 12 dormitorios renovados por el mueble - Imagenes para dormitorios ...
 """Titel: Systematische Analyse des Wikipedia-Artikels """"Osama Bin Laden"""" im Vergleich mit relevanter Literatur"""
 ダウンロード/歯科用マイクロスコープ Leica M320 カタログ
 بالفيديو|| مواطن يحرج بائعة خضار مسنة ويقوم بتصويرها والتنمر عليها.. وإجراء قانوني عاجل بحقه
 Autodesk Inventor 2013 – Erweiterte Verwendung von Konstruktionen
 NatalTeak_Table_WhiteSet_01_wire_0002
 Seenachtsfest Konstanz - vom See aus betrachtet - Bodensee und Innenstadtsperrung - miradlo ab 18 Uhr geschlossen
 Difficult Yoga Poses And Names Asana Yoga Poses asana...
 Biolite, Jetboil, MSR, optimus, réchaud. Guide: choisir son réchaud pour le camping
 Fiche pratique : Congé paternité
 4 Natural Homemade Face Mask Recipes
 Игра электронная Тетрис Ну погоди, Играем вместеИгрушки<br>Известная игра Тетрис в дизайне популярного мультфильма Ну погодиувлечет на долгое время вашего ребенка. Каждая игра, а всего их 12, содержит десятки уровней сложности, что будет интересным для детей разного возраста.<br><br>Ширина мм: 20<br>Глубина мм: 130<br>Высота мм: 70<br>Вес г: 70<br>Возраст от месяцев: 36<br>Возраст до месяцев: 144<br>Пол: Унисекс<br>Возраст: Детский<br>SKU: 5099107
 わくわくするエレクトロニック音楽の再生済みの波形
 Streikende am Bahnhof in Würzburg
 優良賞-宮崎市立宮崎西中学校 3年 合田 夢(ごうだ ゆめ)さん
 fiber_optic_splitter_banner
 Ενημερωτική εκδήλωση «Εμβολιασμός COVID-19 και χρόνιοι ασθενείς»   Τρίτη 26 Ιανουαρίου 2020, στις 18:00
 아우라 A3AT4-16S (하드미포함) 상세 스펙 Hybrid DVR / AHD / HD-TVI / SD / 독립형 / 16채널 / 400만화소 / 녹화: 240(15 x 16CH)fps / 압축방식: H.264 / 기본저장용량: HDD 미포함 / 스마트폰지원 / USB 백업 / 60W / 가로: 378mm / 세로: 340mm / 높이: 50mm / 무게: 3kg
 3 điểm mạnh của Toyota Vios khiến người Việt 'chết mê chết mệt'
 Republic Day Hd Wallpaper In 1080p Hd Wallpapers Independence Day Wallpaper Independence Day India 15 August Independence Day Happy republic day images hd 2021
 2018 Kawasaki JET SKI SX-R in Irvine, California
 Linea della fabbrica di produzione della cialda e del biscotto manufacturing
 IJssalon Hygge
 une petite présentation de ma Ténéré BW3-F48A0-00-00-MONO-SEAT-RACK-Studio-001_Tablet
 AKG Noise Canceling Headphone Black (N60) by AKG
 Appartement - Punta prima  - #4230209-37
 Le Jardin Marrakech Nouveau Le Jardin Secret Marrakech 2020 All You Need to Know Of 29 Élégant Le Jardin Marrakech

=====

- **ASSIGNED TASK**
Once you reach the line containing "3 điểm mạnh", include it and stop; until then, reproduce each line of the listing from its start exactly.

- **RESPONSE AREA**
 12 dormitorios renovados por el mueble - Imagenes para dormitorios ...
 """Titel: Systematische Analyse des Wikipedia-Artikels """"Osama Bin Laden"""" im Vergleich mit relevanter Literatur"""
 ダウンロード/歯科用マイクロスコープ Leica M320 カタログ
 بالفيديو|| مواطن يحرج بائعة خضار مسنة ويقوم بتصويرها والتنمر عليها.. وإجراء قانوني عاجل بحقه
 Autodesk Inventor 2013 – Erweiterte Verwendung von Konstruktionen
 NatalTeak_Table_WhiteSet_01_wire_0002
 Seenachtsfest Konstanz - vom See aus betrachtet - Bodensee und Innenstadtsperrung - miradlo ab 18 Uhr geschlossen
 Difficult Yoga Poses And Names Asana Yoga Poses asana...
 Biolite, Jetboil, MSR, optimus, réchaud. Guide: choisir son réchaud pour le camping
 Fiche pratique : Congé paternité
 4 Natural Homemade Face Mask Recipes
 Игра электронная Тетрис Ну погоди, Играем вместеИгрушки<br>Известная игра Тетрис в дизайне популярного мультфильма Ну погодиувлечет на долгое время вашего ребенка. Каждая игра, а всего их 12, содержит десятки уровней сложности, что будет интересным для детей разного возраста.<br><br>Ширина мм: 20<br>Глубина мм: 130<br>Высота мм: 70<br>Вес г: 70<br>Возраст от месяцев: 36<br>Возраст до месяцев: 144<br>Пол: Унисекс<br>Возраст: Детский<br>SKU: 5099107
 わくわくするエレクトロニック音楽の再生済みの波形
 Streikende am Bahnhof in Würzburg
 優良賞-宮崎市立宮崎西中学校 3年 合田 夢(ごうだ ゆめ)さん
 fiber_optic_splitter_banner
 Ενημερωτική εκδήλωση «Εμβολιασμός COVID-19 και χρόνιοι ασθενείς»   Τρίτη 26 Ιανουαρίου 2020, στις 18:00
 아우라 A3AT4-16S (하드미포함) 상세 스펙 Hybrid DVR / AHD / HD-TVI / SD / 독립형 / 16채널 / 400만화소 / 녹화: 240(15 x 16CH)fps / 압축방식: H.264 / 기본저장용량: HDD 미포함 / 스마트폰지원 / USB 백업 / 60W / 가로: 378mm / 세로: 340mm / 높이: 50mm / 무게: 3kg
 3 điểm mạnh của Toyota Vios khiến người Việt 'chết mê chết mệt'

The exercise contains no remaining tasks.